How to Calculate Angular Deceleration for a Flywheel

What is the angular deceleration of a flywheel that slows down while rotating through 48 revolutions?

Given data: Initial angular velocity = 583 rev/min, Final angular velocity = 377 rev/min, Number of revolutions = 48

Angular Deceleration Calculation

The angular deceleration of the flywheel is approximately -3.347 rad/s².

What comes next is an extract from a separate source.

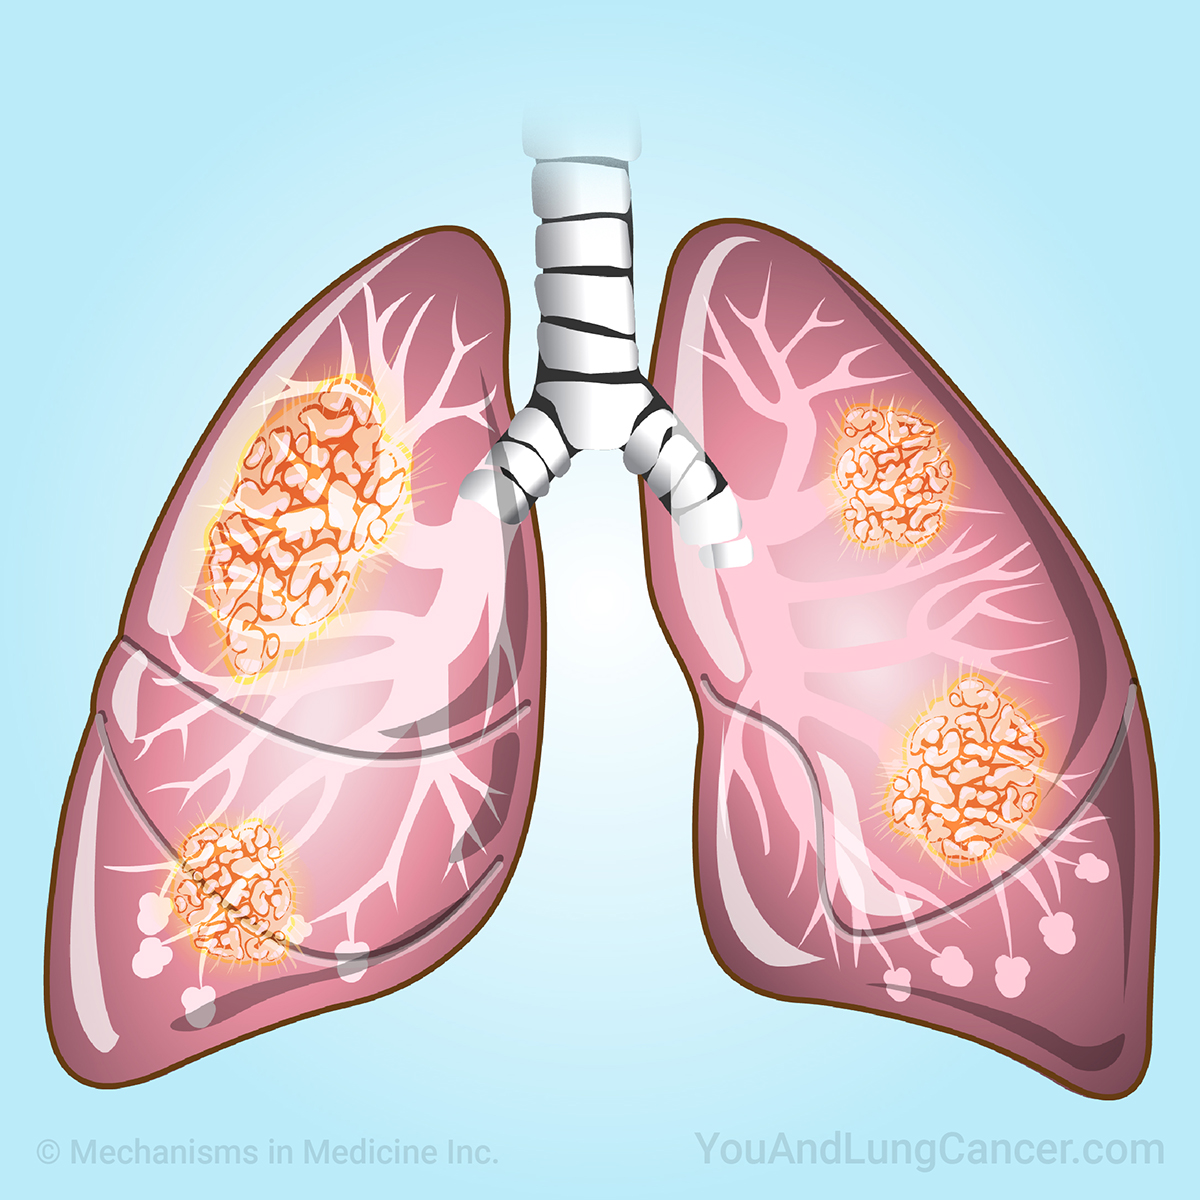 Learn about a variety of topics on lung cancer through short animations

To calculate the angular deceleration of a flywheel that slows down while rotating through 48 revolutions, follow these steps:

1. Convert the initial and final angular velocities to rad/s:
• Initial angular velocity (ωi) = 583 rev/min = 61.052 rad/s
• Final angular velocity (ωf) = 377 rev/min = 39.442 rad/s
2. Calculate the angular displacement (θ) from the number of revolutions:
• Number of revolutions = 48
• Angular displacement (θ) = 48 rev × 2π rad/rev = 96π rad
3. Use the angular motion equations:
• ωf² = ωi² + 2αθ
• Solve for angular acceleration (α): α = ((39.442 rad/s)² - (61.052 rad/s)²) / (2 × 96π rad)
4. Calculate the angular deceleration:
• Angular deceleration ≈ -3.347 rad/s²

By following these steps, you can determine the angular deceleration of the flywheel when it slows down while rotating through a certain number of revolutions.